=== EXERCISE AIM ===
I'd like the full listing transcribed exactly, with no images included.

=== STORED DATA ===
- - - - -

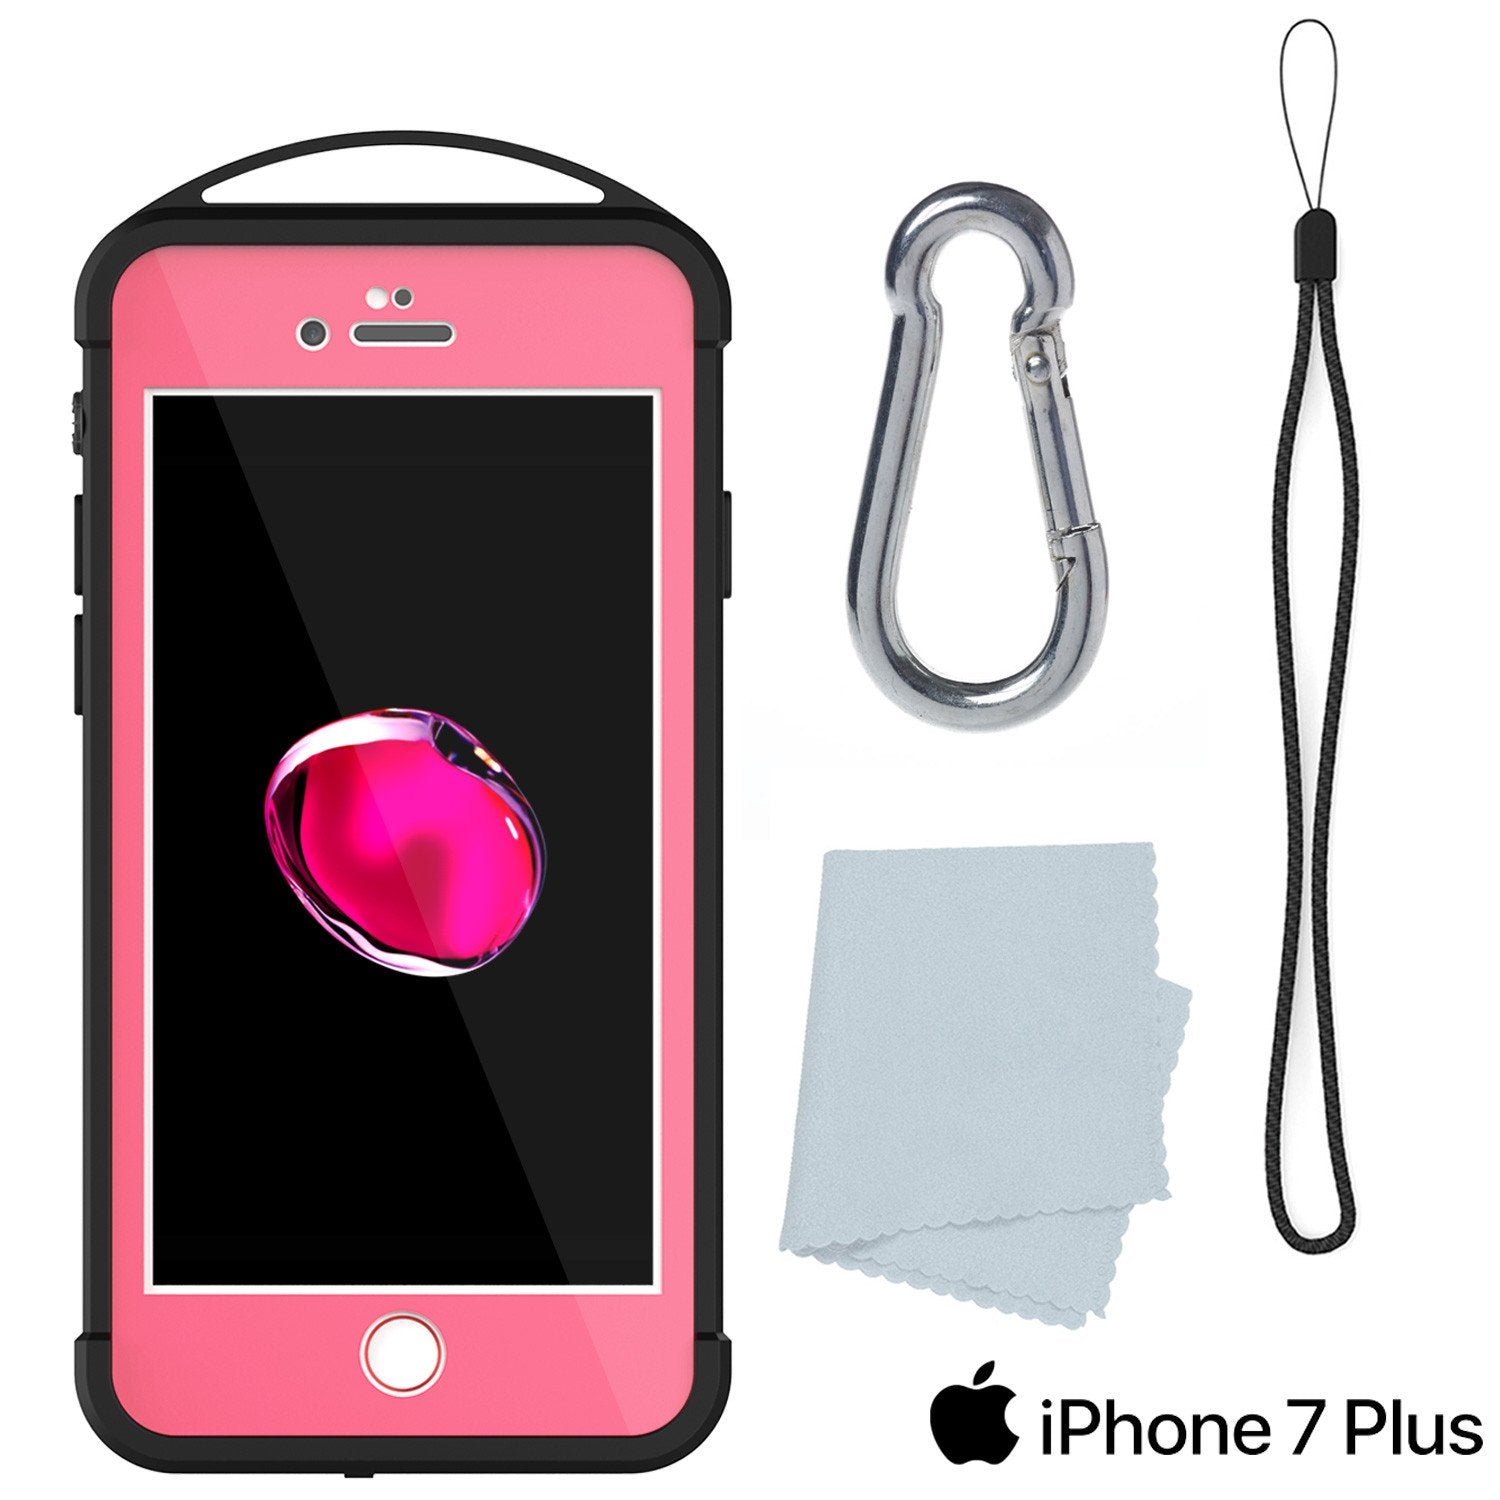 iPhone 7+ Plus Waterproof Case, Punkcase ALPINE Series, Pink | Heavy Duty Armor Cover
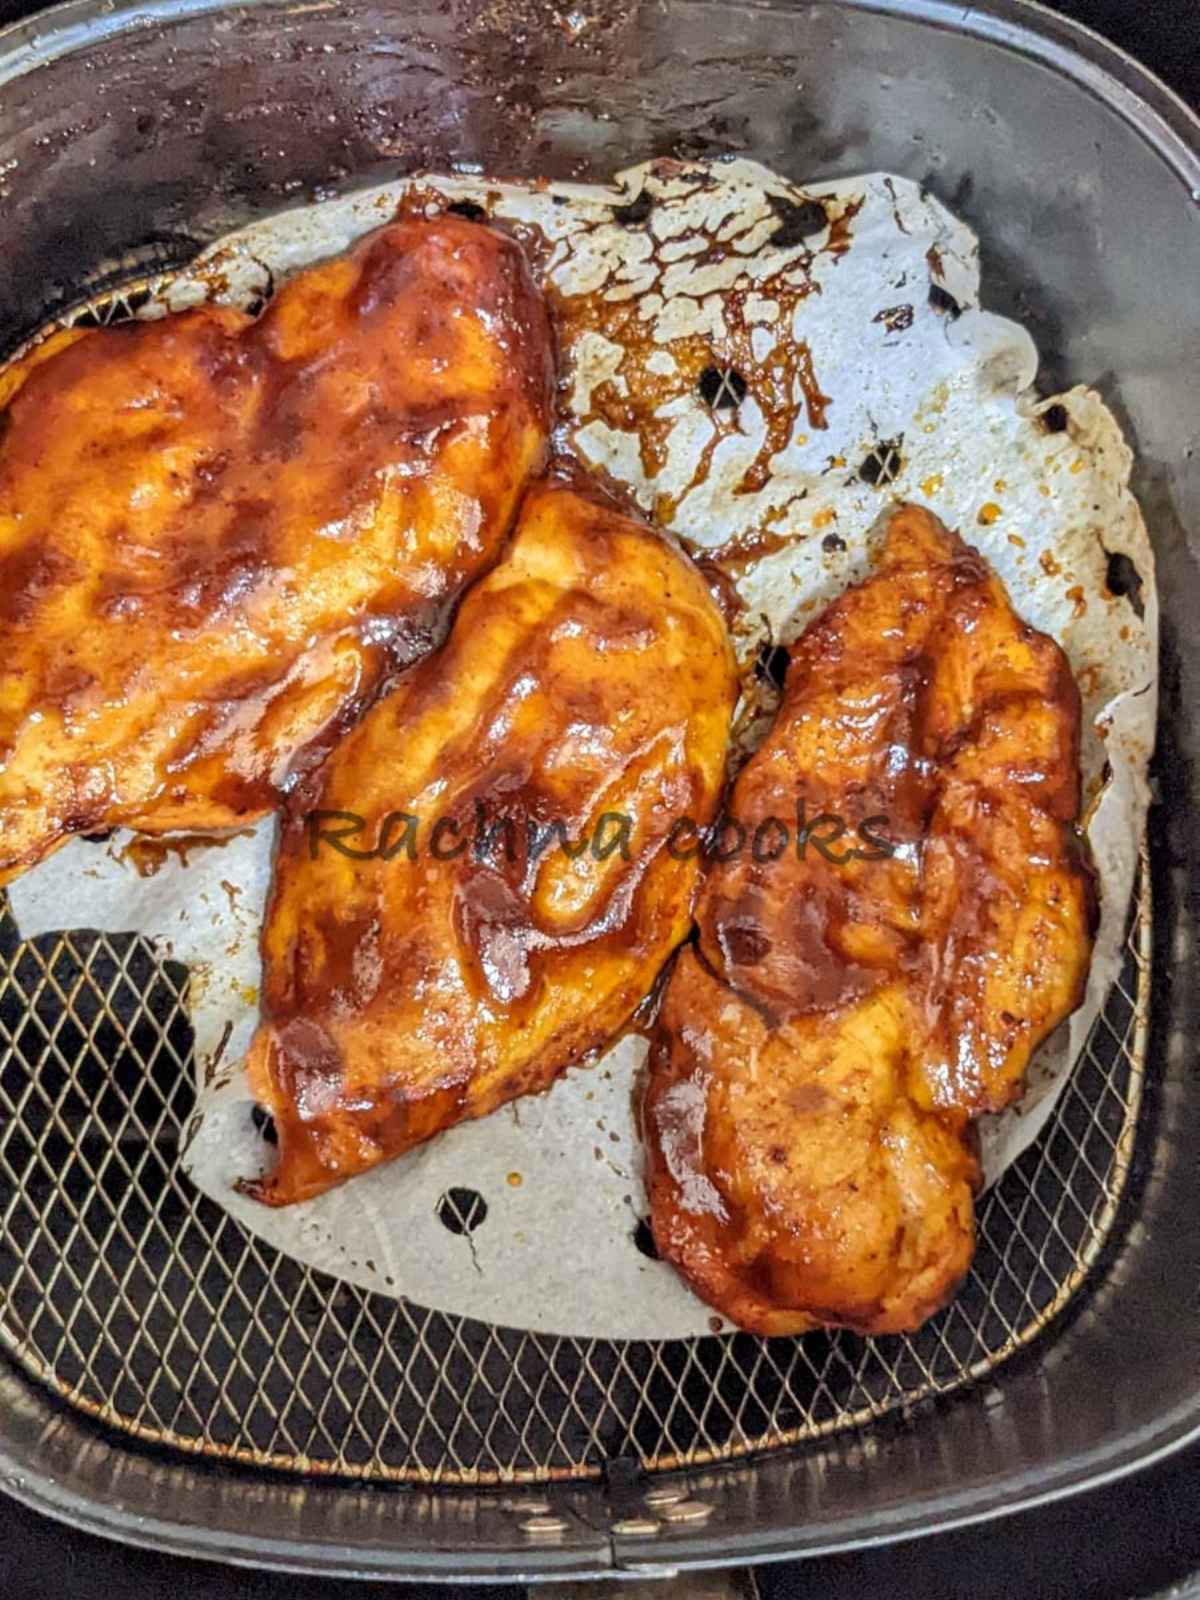 Chicken fillets with BBQ sauce in air fryer basket.
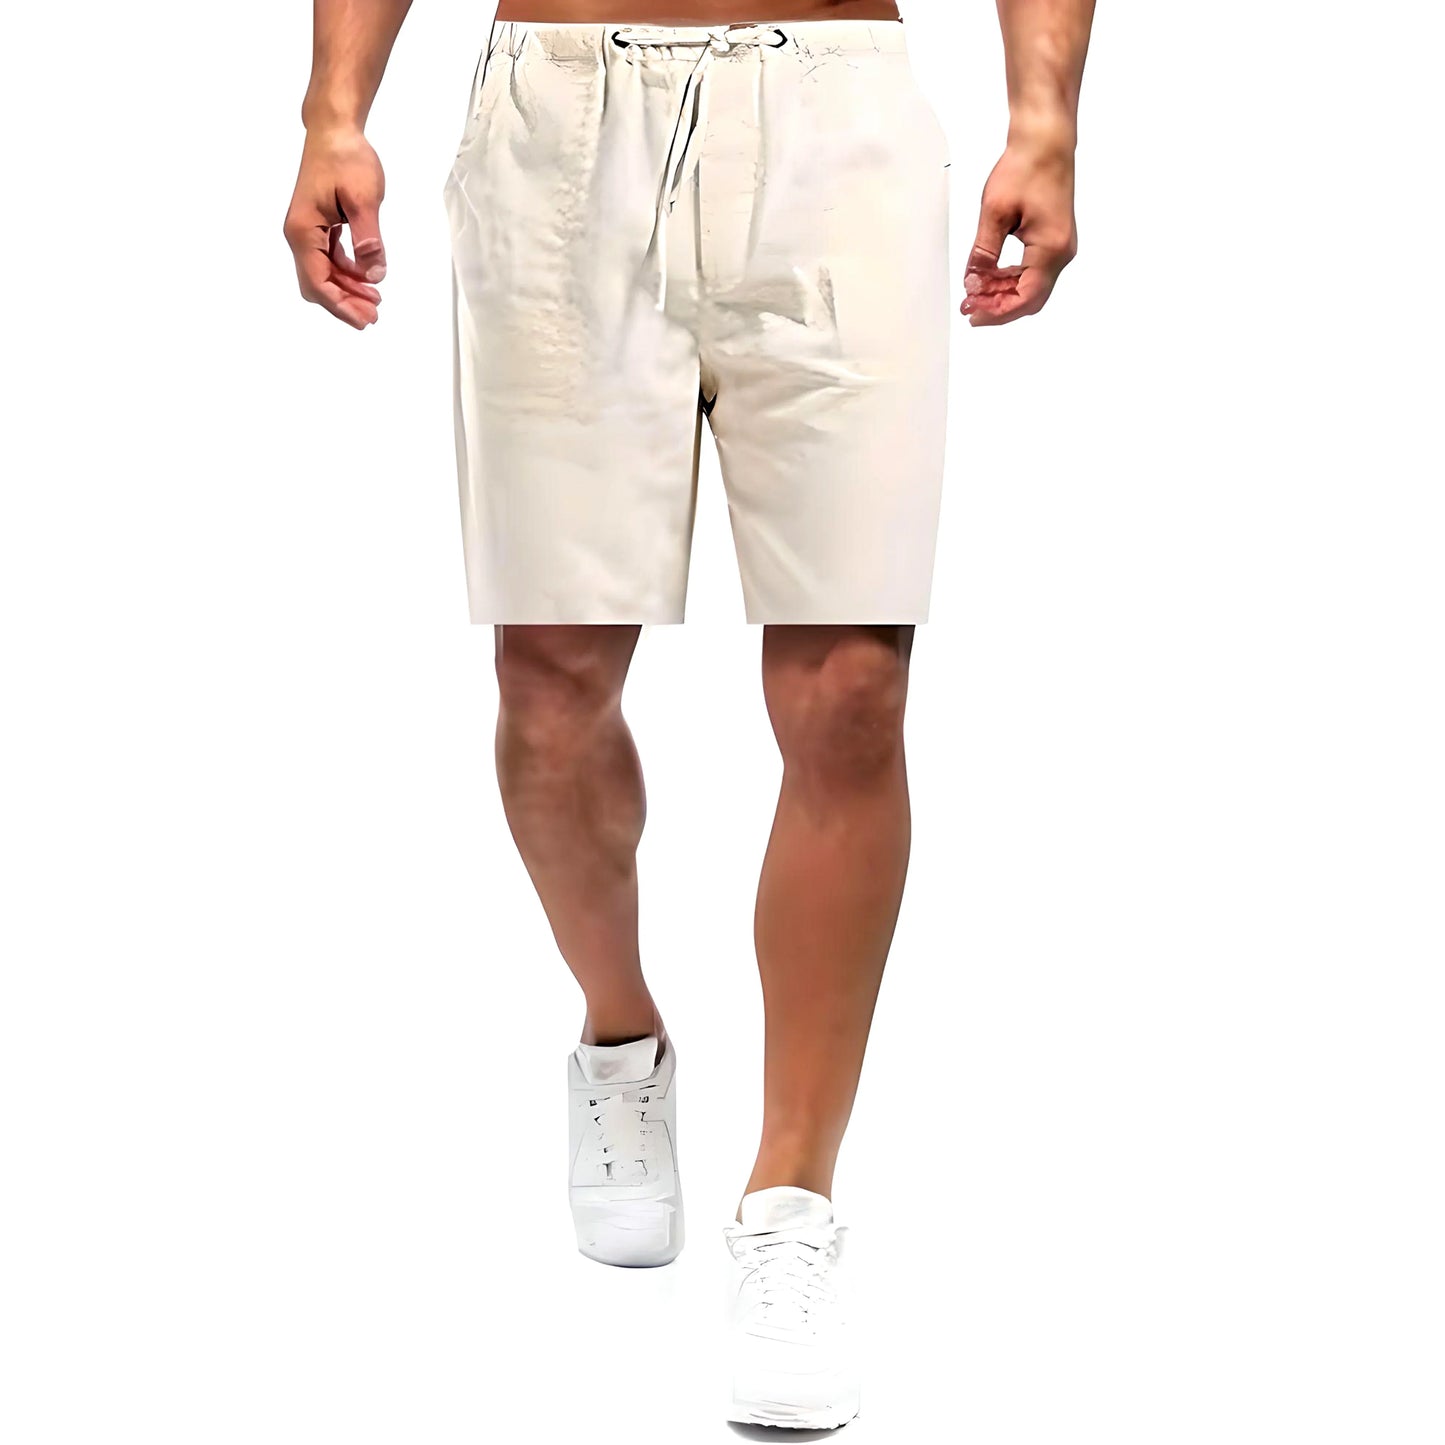 Charles | Casual Linen Shorts
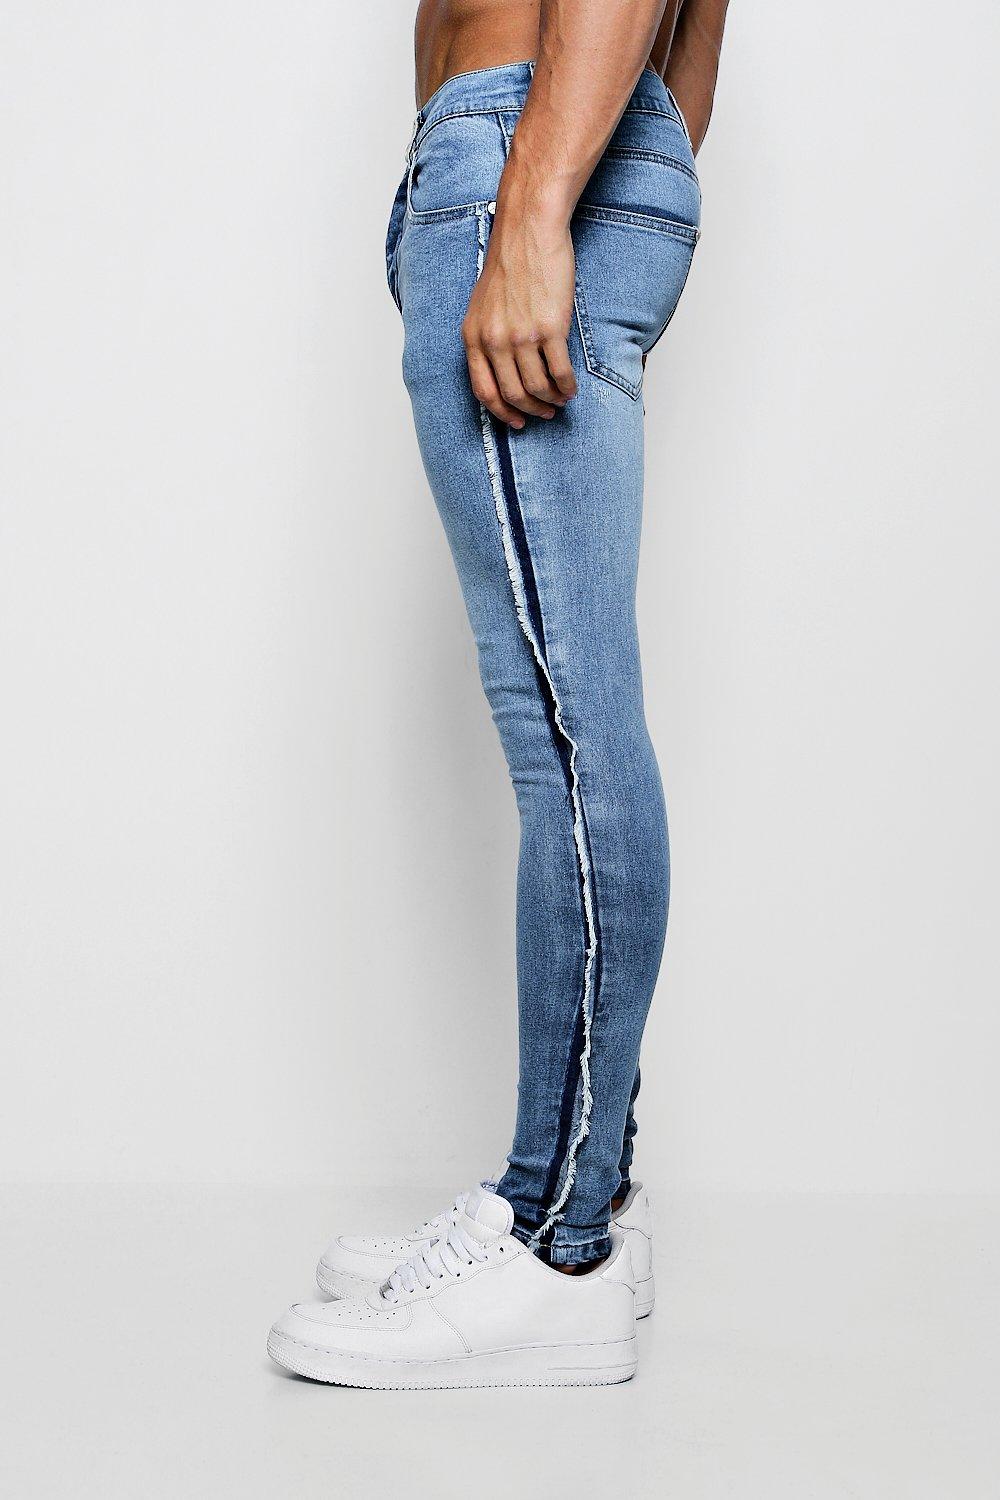 frayed side jeans

- - - - -

=== EXERCISE RESPONSE ===
 iPhone 7+ Plus Waterproof Case, Punkcase ALPINE Series, Pink | Heavy Duty Armor Cover
 Chicken fillets with BBQ sauce in air fryer basket.
 Charles | Casual Linen Shorts
 frayed side jeans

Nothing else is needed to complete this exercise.